Survey Finds White Students More Likely to Drink, Smoke, and Take Drugs

Blog Post
July 11, 2006

Education policymakers are increasingly focused on narrowing achievement gaps between white and black or Hispanic students. Across a wide range of measures, including state assessments, the National Assessment of Educational Progress (NAEP), and high school graduation and post-secondary attainment rates, black and Hispanic students are not doing as well as their white peers. But a long-running federal study identifies one area where Hispanic and particularly black students are doing better than white students: refraining from the use of alcohol, cigarettes, and illicit drugs.

Begun in 1975, conducted by researchers at the University ofMichigan, and funded and published by the National Institute on Drug Abuse at the National Institutes of Health, the Monitoring the Future Study surveys students in eighth, 10th, and 12th grades.[1]

According to the survey, black teenagers are less likely than their white or Hispanic peers to drink, smoke, and take illicit drugs. While the majority of all white 12th graders reported drinking an alcoholic beverage in the last 30 days, fewer than one-third of black 12th graders said the same. Black students are also less likely to use most types of illegal drugs, including cocaine, inhalants, hallucinogens, methamphetamine and ecstasy. And they are less likely than white or Hispanic students to have driven after drinking or to have ridden in a car with a driver who had been drinking.[2]

White students are also more likely than their black and Hispanic peers to use alcohol, cigarettes, and illicit drugs heavily. White students are more likely to be frequent smokers and to have had five or more drinks in a row within the past month.

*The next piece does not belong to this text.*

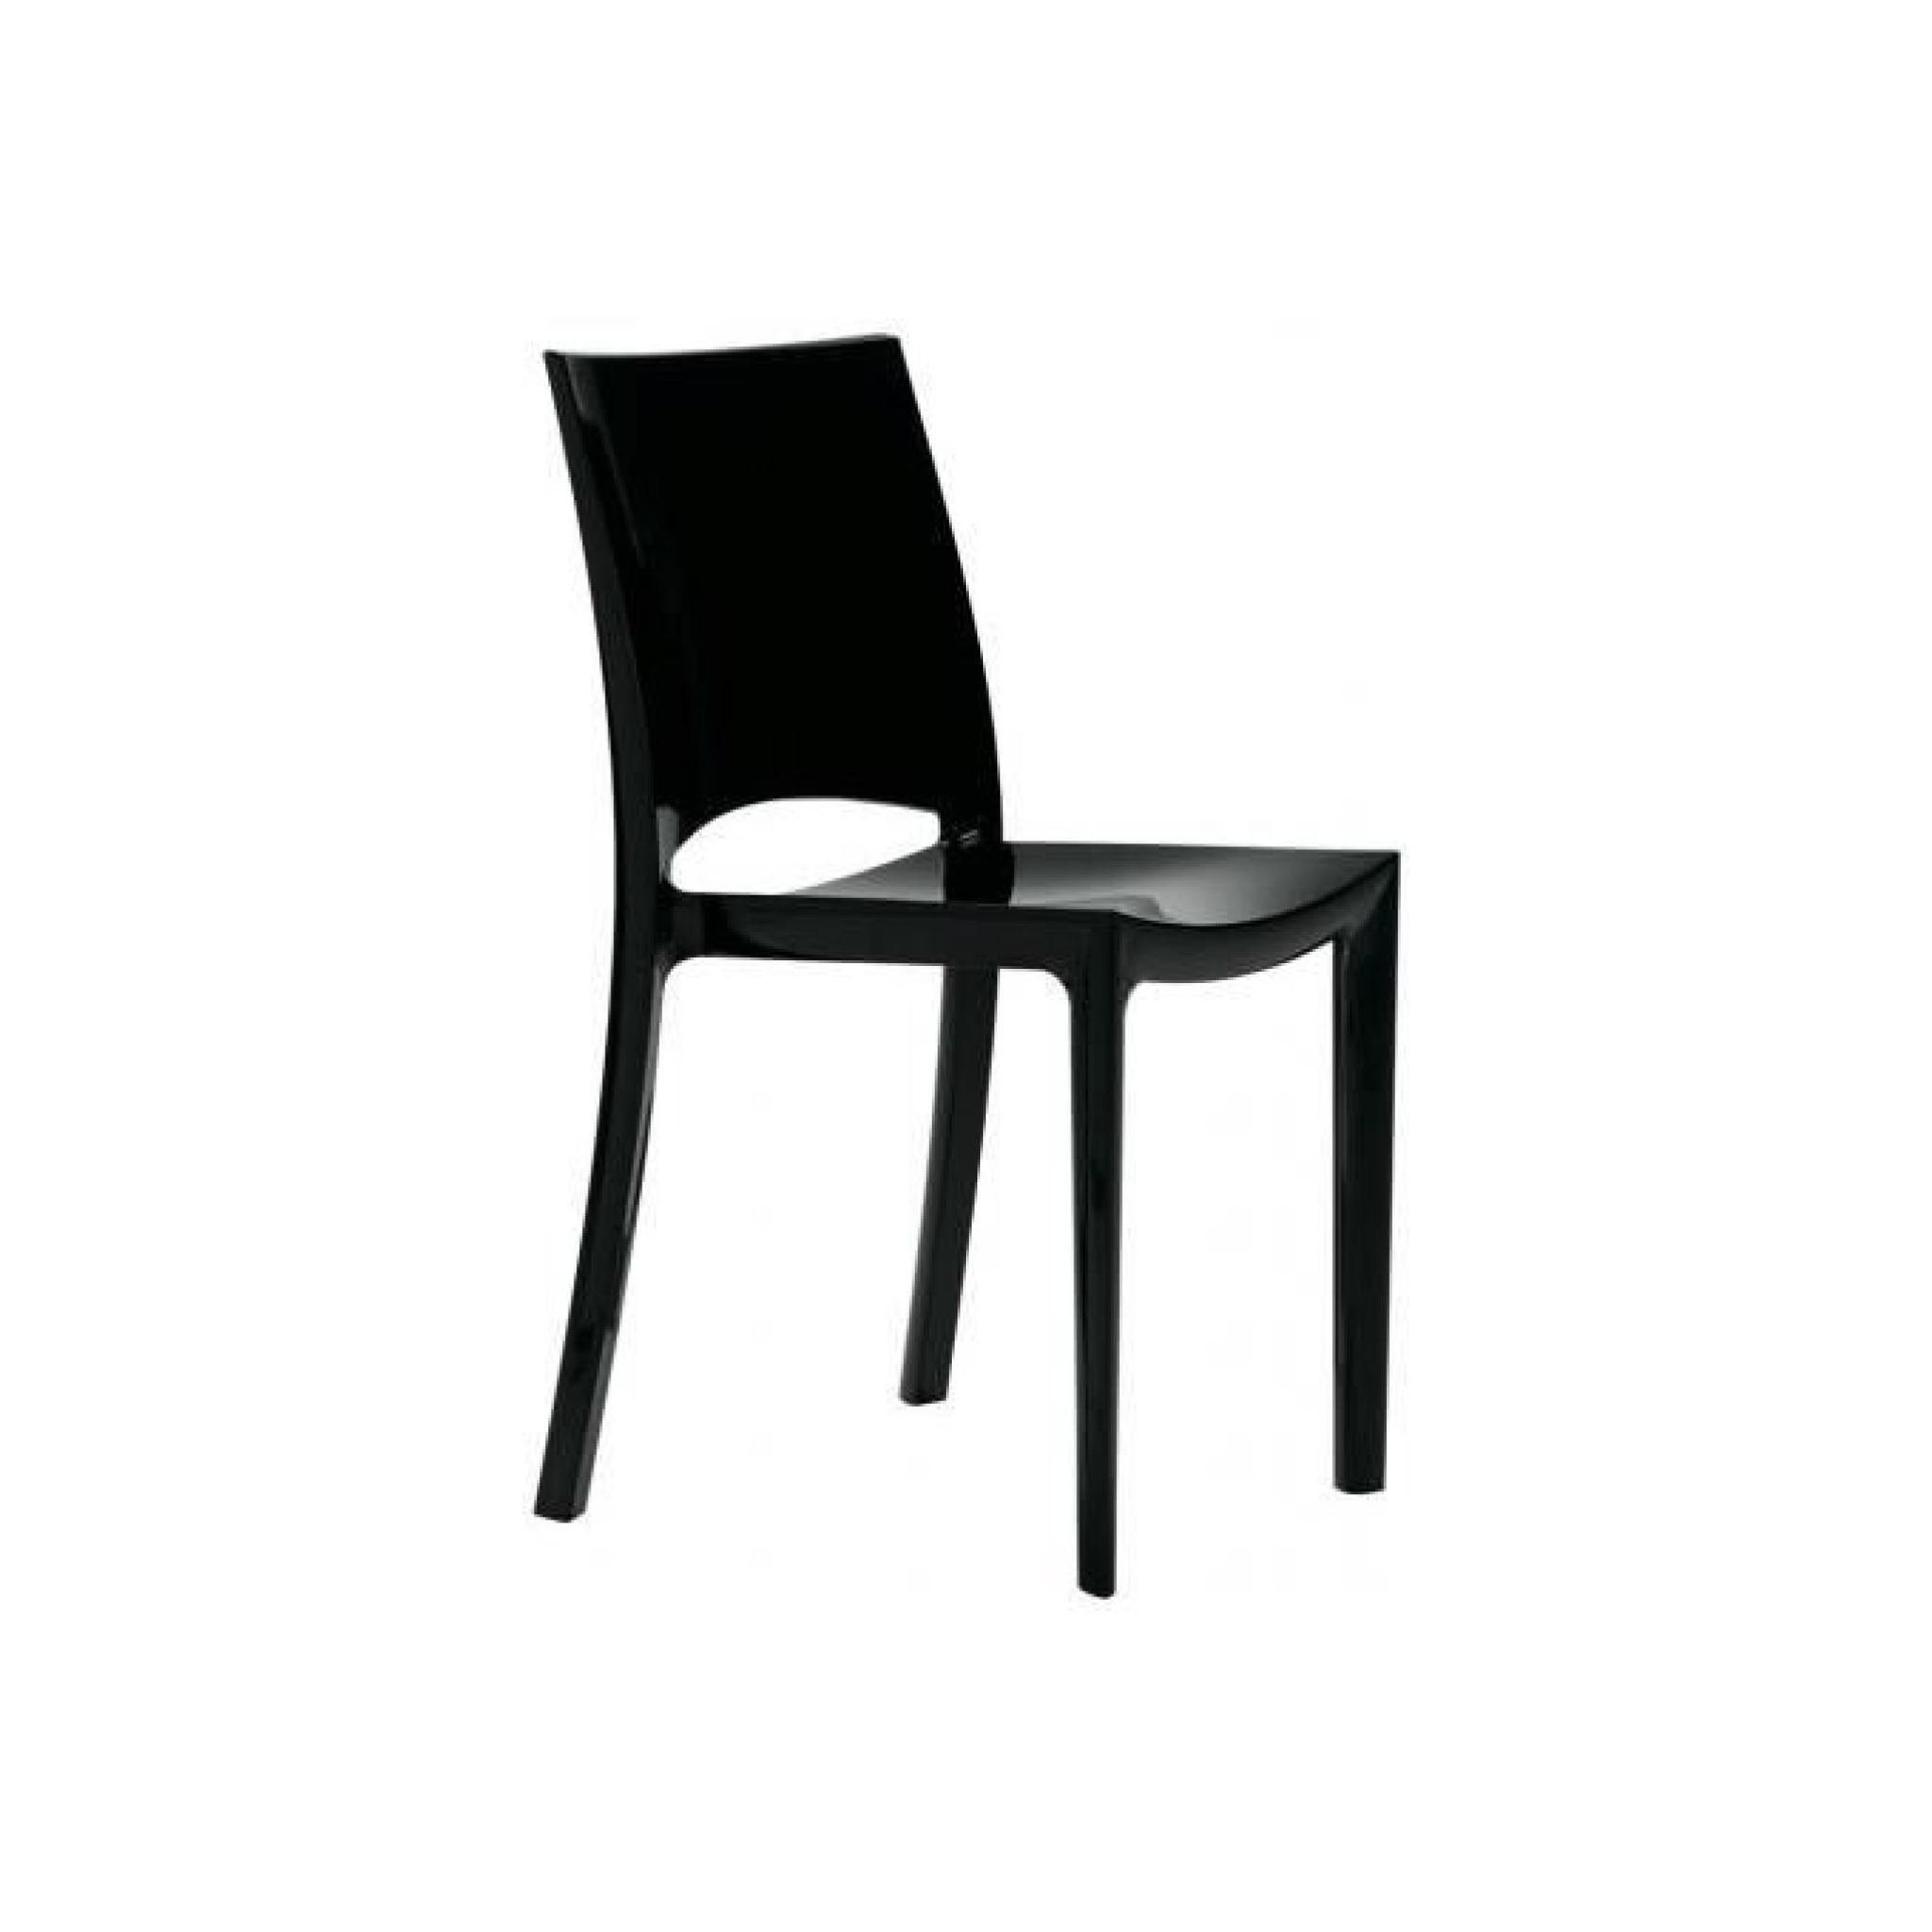 Chaise contemporaine design noire Arlequin

There are also gaps in rates of substance abuse between boys and girls. Boys are slightly more likely than girls to drink or use illicit drugs, but boys and girls are about equally likely to use cigarettes. Boys are much more likely than girls to use “heavier” drugs, such as heroin or cocaine, and to be heavy users of alcohol, cigarettes and other drugs. Thirty-four percent of twelfth grade boys reported having had more than five drinks in a row during the previous two weeks, compared to only 24 percent of girls the same age. Males' larger average size and more rapid metabolism of alcohol may contribute to this difference.

Recently, however, younger groups of girls—eighth grade and, for some substances, 10th grade girls—have begun using substances more heavily and at a higher rate than boys of the same age. This appears to be due more to a decline in boys' use of substances than an increase in girls' use. In 2004, 19 percent of eighth grade girls had drunk alcohol in the past month, compared to 18 percent of boys. Rates of alcohol use for both boys and girls had declined since 1991, however, when 26 percent of eighth grade boys and 24 percent of eighth grade girls reported drinking in the past month. Eighth grade girls were also more likely than boys to drink heavily: in 2004, 12 percent of eighth grade girls and 11 percent of eighth grade boys reported having had more than five drinks in a row in the past two weeks. This was roughly the same percent of girls as reported drinking heavily in 1991, but a decline from the 14 percent of boys who reported drinking heavily in 1991.

Across all racial/ethnic groups and for both genders rates of abuse of most substances are falling. In particular, cigarette and alcohol use are much lower amongst middle- and high-school students than they were in the mid-1970s.


[1] Loyd D. Johnston, Patrick M. O'Malley, Jerald G. Bachman, and John E. Schulenberg, Monitoring the Future national survey results on drug use, 1975-2004. Volume I: Secondary school students (NIH Publication No. 05-5727) (Bethesda, MD: National Institute on Drug Abuse, 2005).